というか警察が介入している件に、むざむざ首を突っ込むこともない。適当な所で話を切り上げようかと思ったところで、清水原がとんでもないことを言い出した。
「この人形さ、オモコロで記事にならない?」
「え?」
「記事ってことにして、人形についてちゃんと調べてほしいんだよ。ほら、もしかしたら高東先生の居場所がわかるかもしれないだろ?警察は人形の話なんて取り合ってくれないし、かといって俺も調べ方なんてわからないし」
「オモコロってそういうサイトじゃないんだけど」
「大丈夫でしょ。『【検証】持つと失踪する呪いの人形を7日間持ってみた』とか、ありそうじゃん」
「ねーよ。現に2人消えてるんでしょ?そんなものと関わるの普通に嫌だし、人形は然るべき寺とかに持ってった方がいいと思う」
「……お前、人形持ってるだけでマジで人が消えると思う?」
「……まあ、思わないけども」
「じゃあお前んちに人形だけ送るから。あとは任せた」
【検証】持つと失踪する呪いの人形を7日間持ってみた
というわけで、後日届いたのがこの人形だ。
サイズ感はこんな感じ。小さいが意外と重い。うっすら、おばあちゃんの家のタンスのにおいがする。
今回調べるポイントは2つ。
① 「人形を7日間持っていられれば願いが叶う」というのは本当か?
そもそもの触れ込みは「願いが叶う人形」という話だ。とりあえず叶ったかがわかりやすい願いとして、ちょうど7日後に抽選がある宝くじ「ロト7」を買ってみた。
画像は宝くじ公式サイトのスクリーンショット。
気になるのは「持っていられれば」という部分だ。何か、持っていられないような妨害があるかのような文言である。
……当たるといいな、6億円。
② 人形の正体は何か?
見れば見るほど、何かの意図を感じるデザインの人形だ。
まずは人形の出所を探るべく、清水原には「生徒Aがどこから人形を入手したのか」を調べてもらうことにした。また筆者自身も、この手の話に詳しそうな知人に人形の写真を送り、見覚えがないか尋ねてみた。

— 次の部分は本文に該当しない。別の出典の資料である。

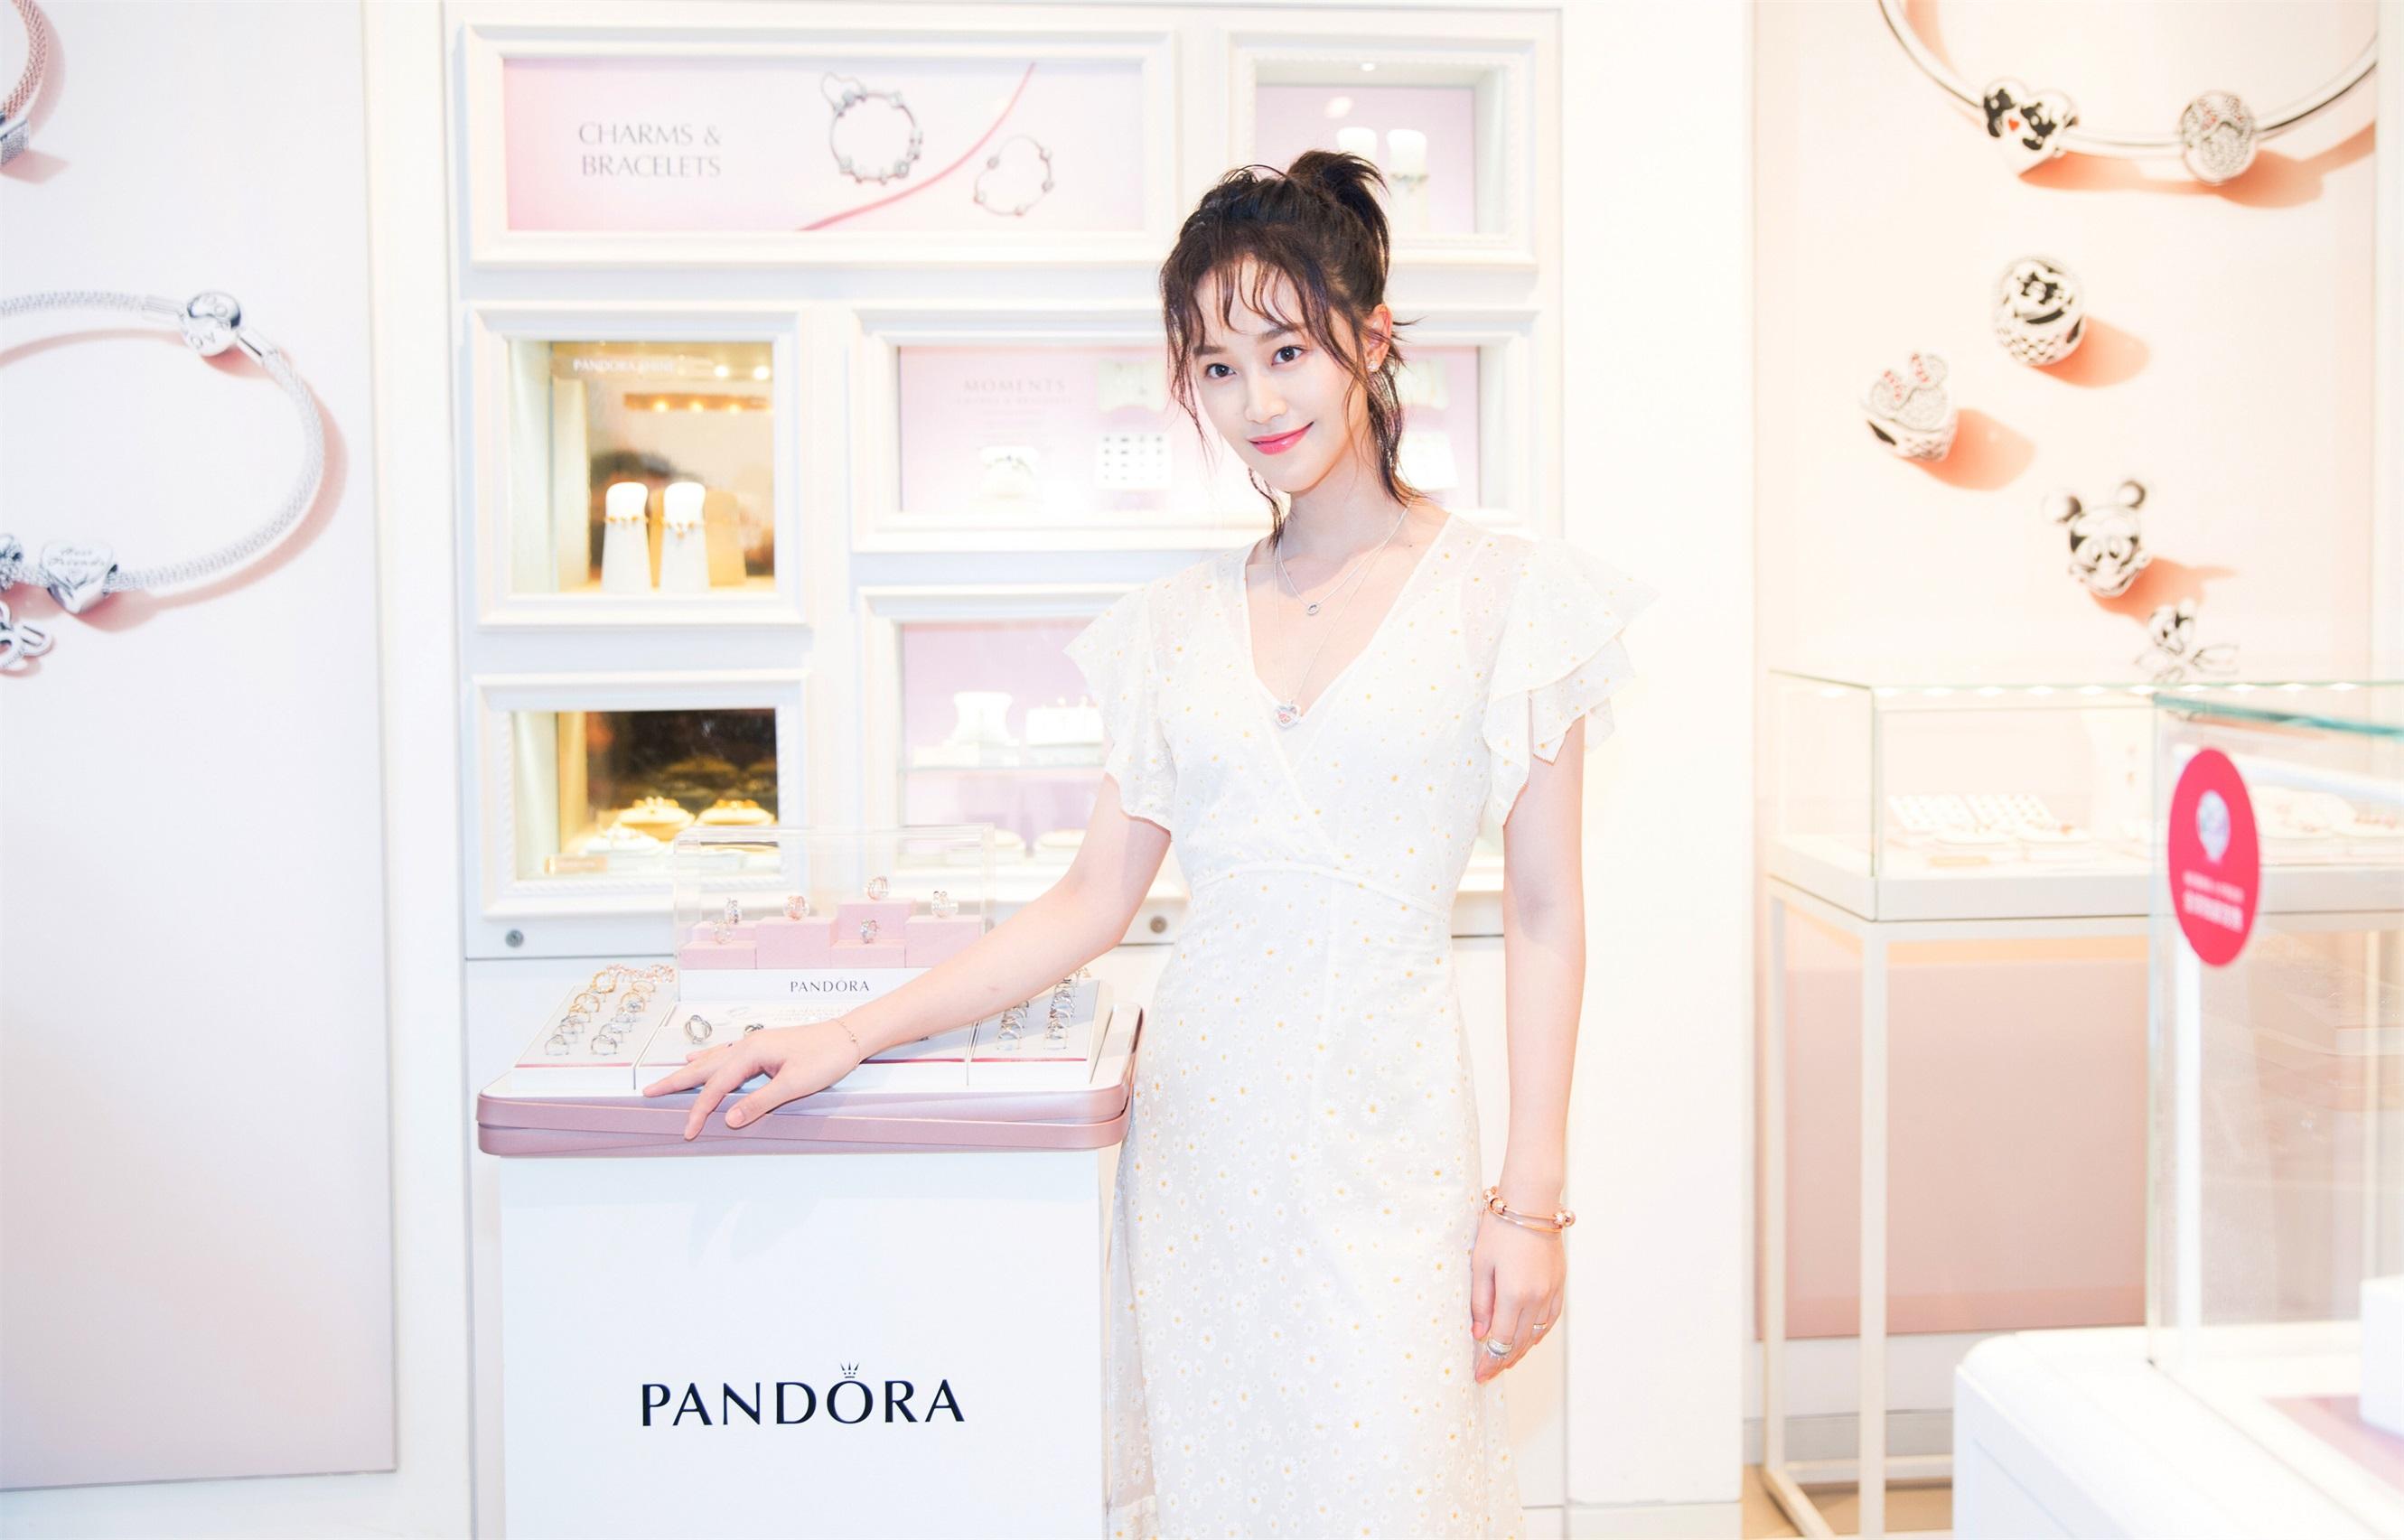 蓝盈莹出席活动造型时尚 清新优雅一展曼妙身材

返事を待つ間、自分でも人形について調べてみるつもりだ。
というわけでここからは、実際に人形を持っての7日間の記録である。
1日目
「7日間持っていられれば願いが叶う」「持っていた人間が2人消えた」……。
そんな”いわく”付きの不気味な人形を家の中に置いておけば、何か起きるのではないかと思ってしまう。誰もいないはずの場所から物音がするとか、触ってないのに人形が移動しているとか、人形の髪が伸びるとか、その手のやつだ。
さっそく何かが起きるのではないかと不安半分、期待半分で過ごしていたのだが……
なーんも起きない。
よく考えれば、いやよく考えずとも、そりゃそうだ。人形を持ってたぐらいで超常現象が起きるなら、この世には超常現象の体験談がもっとあふれているはずだ。ただの”モノ”である人形が、動いたり、物音を立てたりできるはずがないし、この人形には伸ばせる髪もない。つるっつる。

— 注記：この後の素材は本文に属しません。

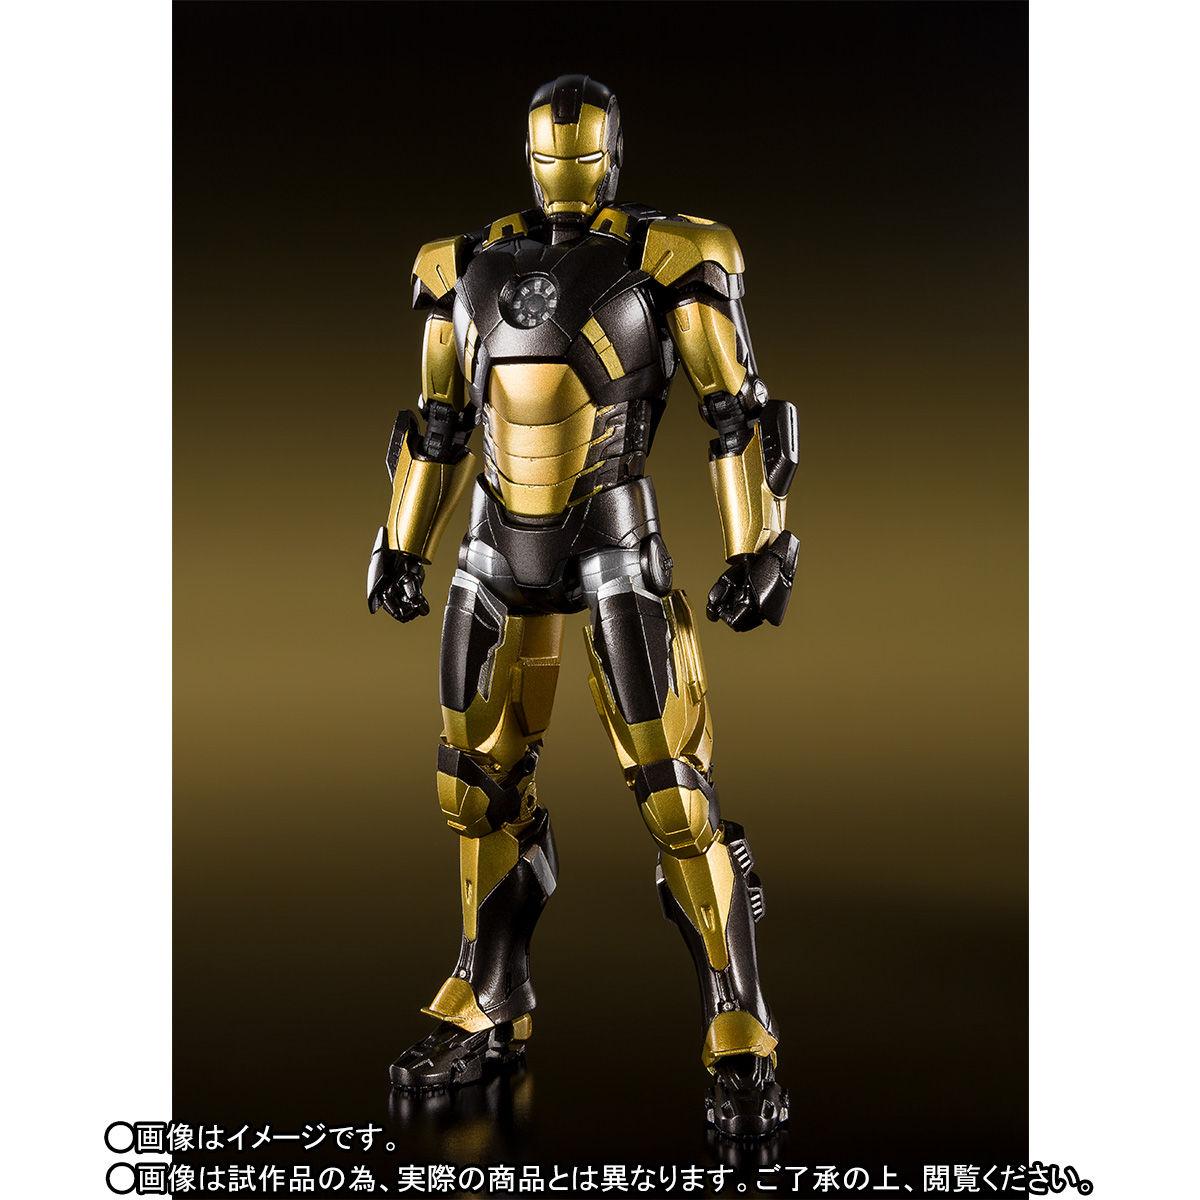 S.H.フィギュアーツ『アイアンマン マーク20 パイソン』アイアンマン3 可動フィギュア-002

まあ人形の「効能」は7日後に宝くじで確かめればいいとして、進めるべくは人形の正体を確かめる調査だ。
この日は休日だったため図書館に赴いて、オカルト、民俗、歴史、迷信などに関わる本を片っ端から当たってみたが、残念ながら有力な情報は得られなかった。質問を送った知人からの返信も、まだないようだ。
2日目
2日目になったが、特に人形周りでは何も起きない。
記事を盛り上げるために「人形がある方から視線を感じた」ぐらい書きたいのだが、それすらもない。視線ください!
ちょっとかわいくしてみた。
ちなみに筆者は、現実世界での霊現象などについては積極的には信じていない。なので、元も子もないことを言うと、この人形を持っていても何も起きないだろうし、どうせ宝くじも外れるだろうなと思っている。
たださすがにそれでは記事としてはマズいだろう。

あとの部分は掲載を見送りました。